How is this significant? Well, as you are all probably subconsciously aware of , it means
smaller, cheaper, and Some Other Things. We will get into those later. Is this vastly
different from analog, like a vinyl record? No, not really. Because they all are a limited
picture of the thing they represent, which is the musical signal.
Think of an image on a TV screen or a monitor. If you look at it from far away, it appears
continuous, pretty much like one of your family album snapshots. As you get closer, you
can see the picture is made of dots, i.e., it is quantized, just like space-time, and is
composed of little parts, or quantities. Furthermore, it's quantized horizontally as dots
(the "vertical resolution") and vertically as lines (the 525 horizontal scanning
lines, the "horizontal resolution").
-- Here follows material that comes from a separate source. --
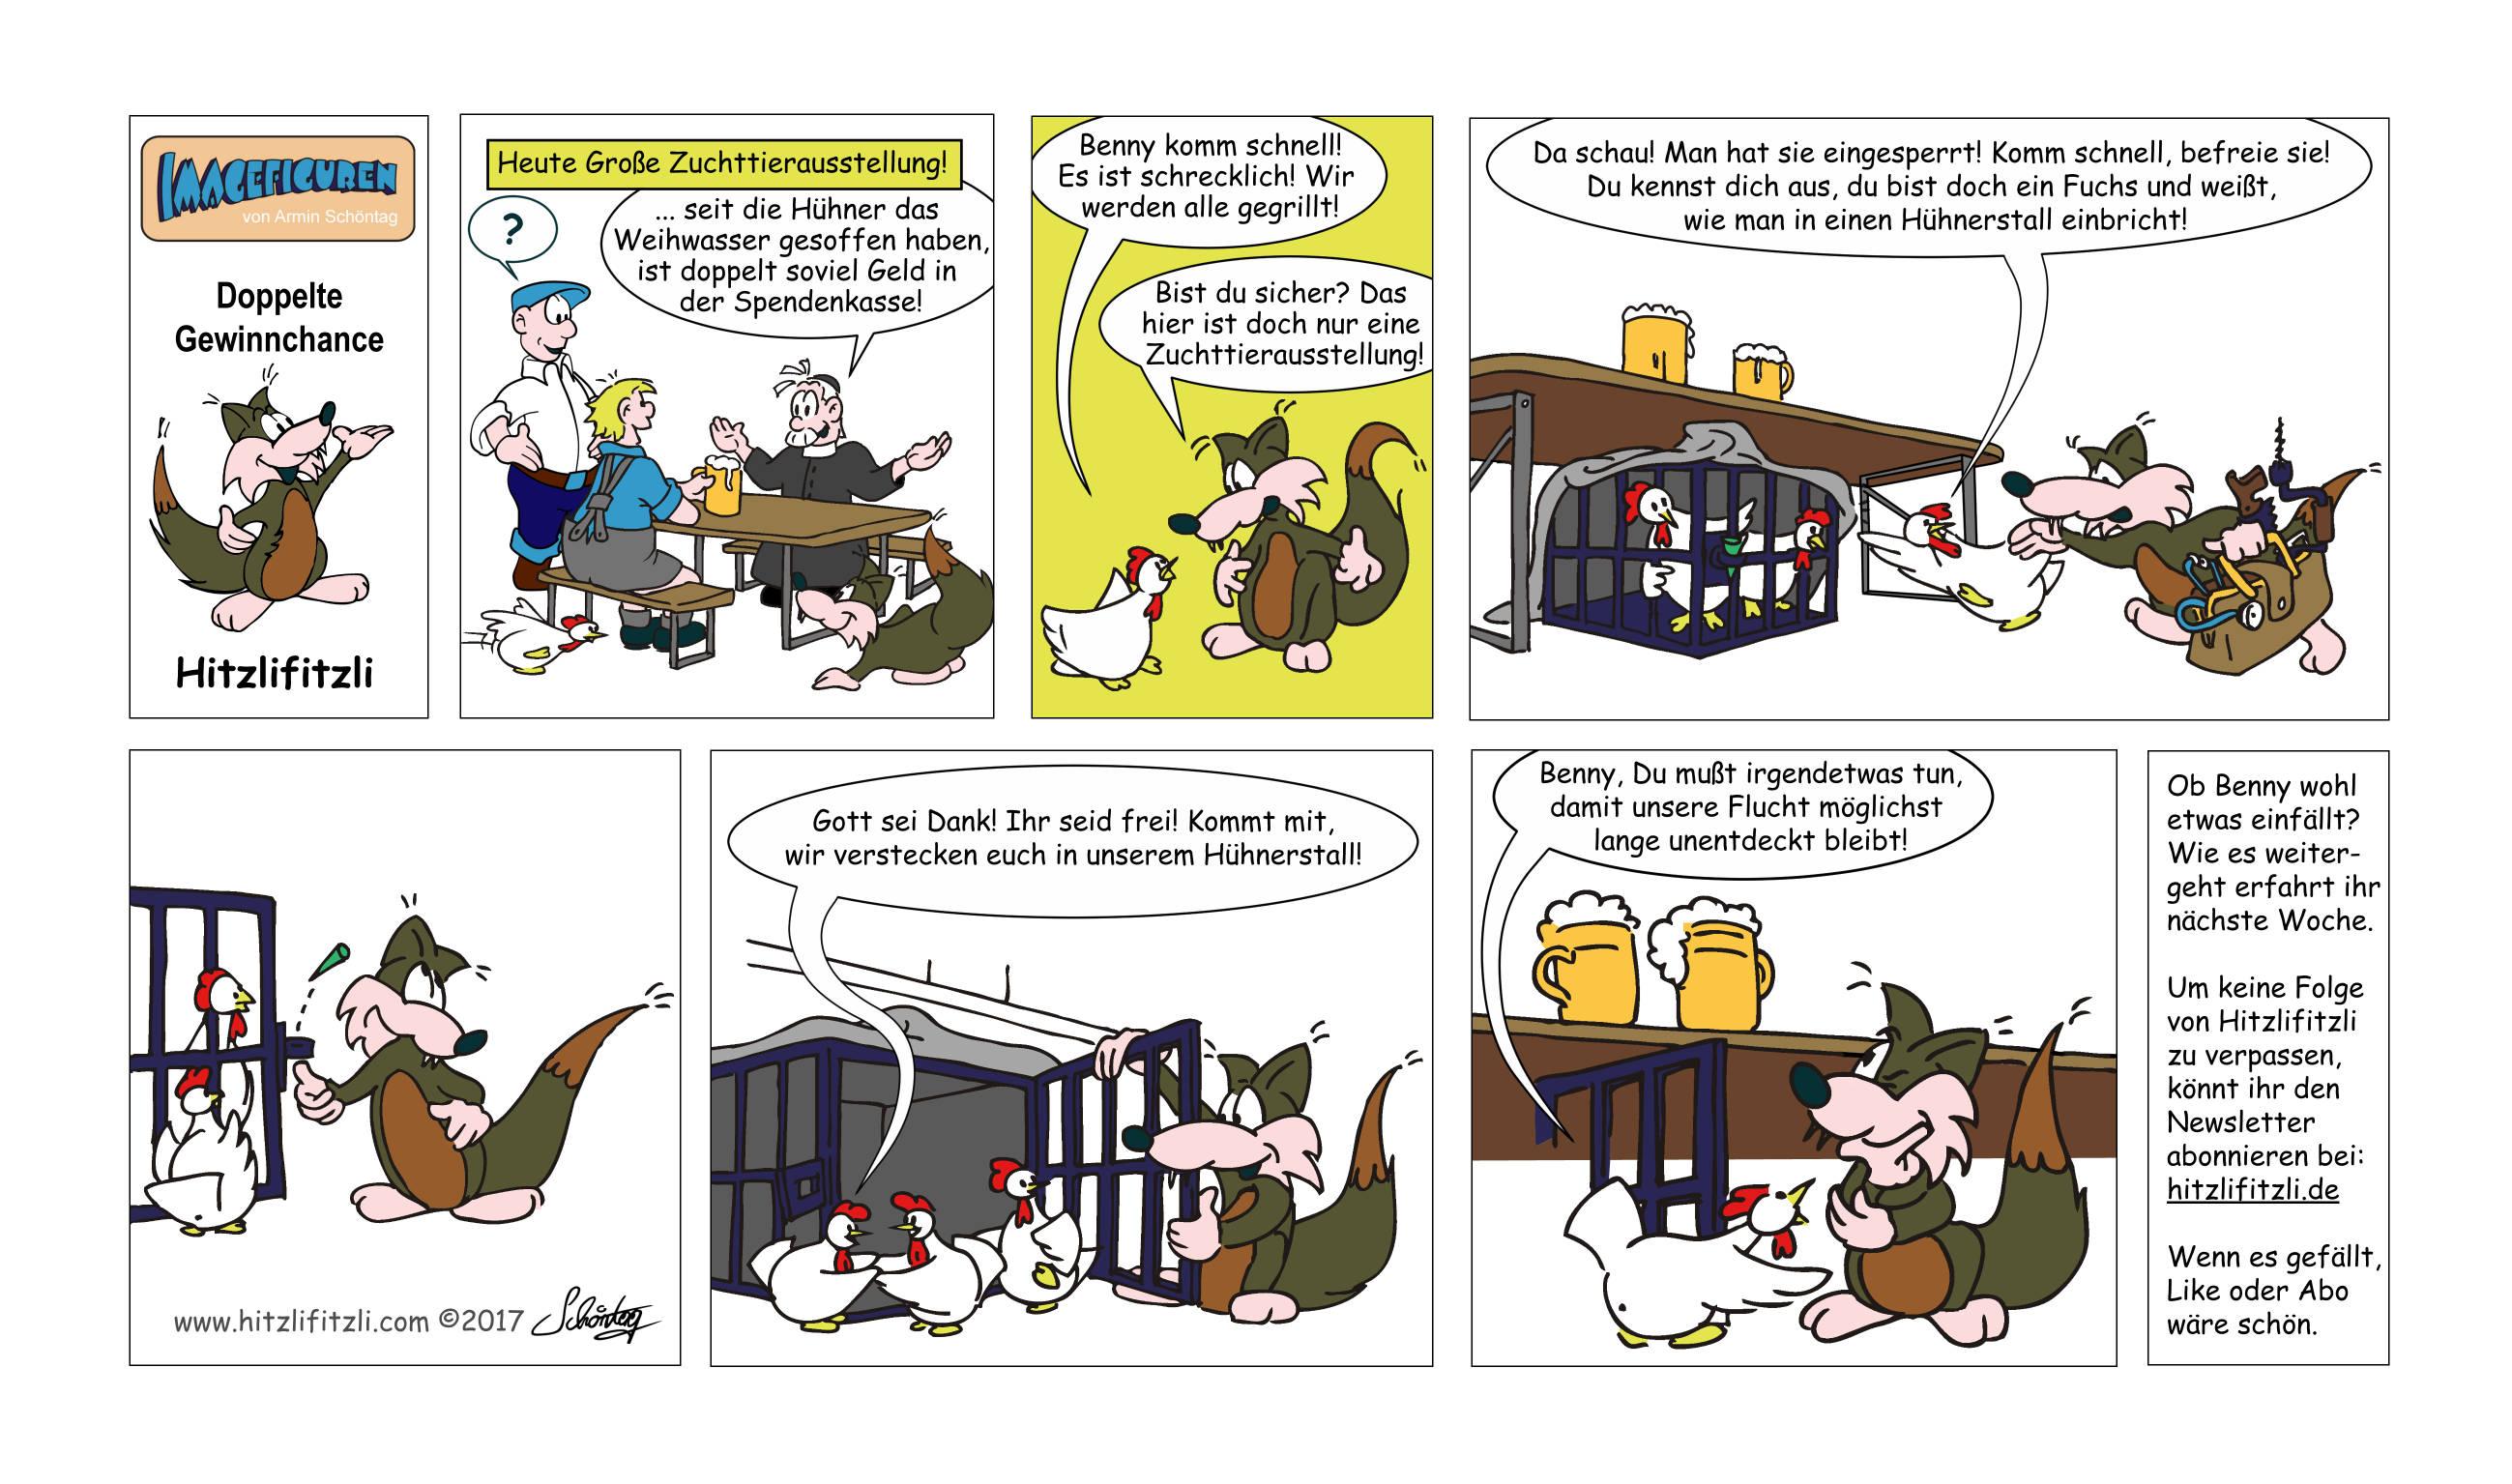 Hitzlifitzli-Comic: Bei der Zuchttierschau berichtet der Pfarrer dem Max , dass er doppelt soviele Spenden im Opferstock habe seit die Hühner das Weihwasser getrunken haben. Eins von Max Hühnern alarmiert Benny, weil es glaubt auf der Veranstaltung würden Hühner gegrillt. Benny Hitzlifitzli hilft den Hühnern bei der Flucht aus dem Käfig von Franz.

Of course, you could call the horizontal
scanning lines big rectangular dots if you want, but the point is, the image on our
regular NTSC TVs is quantized in the X and Y direction, and is therefore, already digital!
If we really want to get philosophical, electrical current is the passing of discrete
electrons, nerves in our ears and brain are passing discrete impulses, and sound waves are
individual oxygen and nitrogen atoms striking our eardrums, so they are all
discrete-timel. But this essay is not for the purpose of starting flame wars.
For CDs, instead of being quantized in 2-dimensions of space (horizontal and vertical),
the signal is quantized in time and also level (voltage, i.e., volume). The actual sound
of the music, after passing through the microphones, is recorded, or sampled, at precise
instances in time. As is more or less intuitive, the more often things are sampled, the
better they can be represented (and decoded into a reasonable facsimile of the original
signal). According to theory, we have to sample at twice the highest frequency we wish to
record. This was suggested by Nyquist several decades ago, and the theory is termed the
Nyquist Criterion. The idea is that a sine wave can be totally reproduced when using only
two samples for every period (one complete sine wave). So now we have to make sure that we
sample at a rate high enough to record everything we can hear. For current CDs, the
samples are made 44,100 times each second (44.1 kHz), although the original digital tape
recording master may be at a higher sampling rate.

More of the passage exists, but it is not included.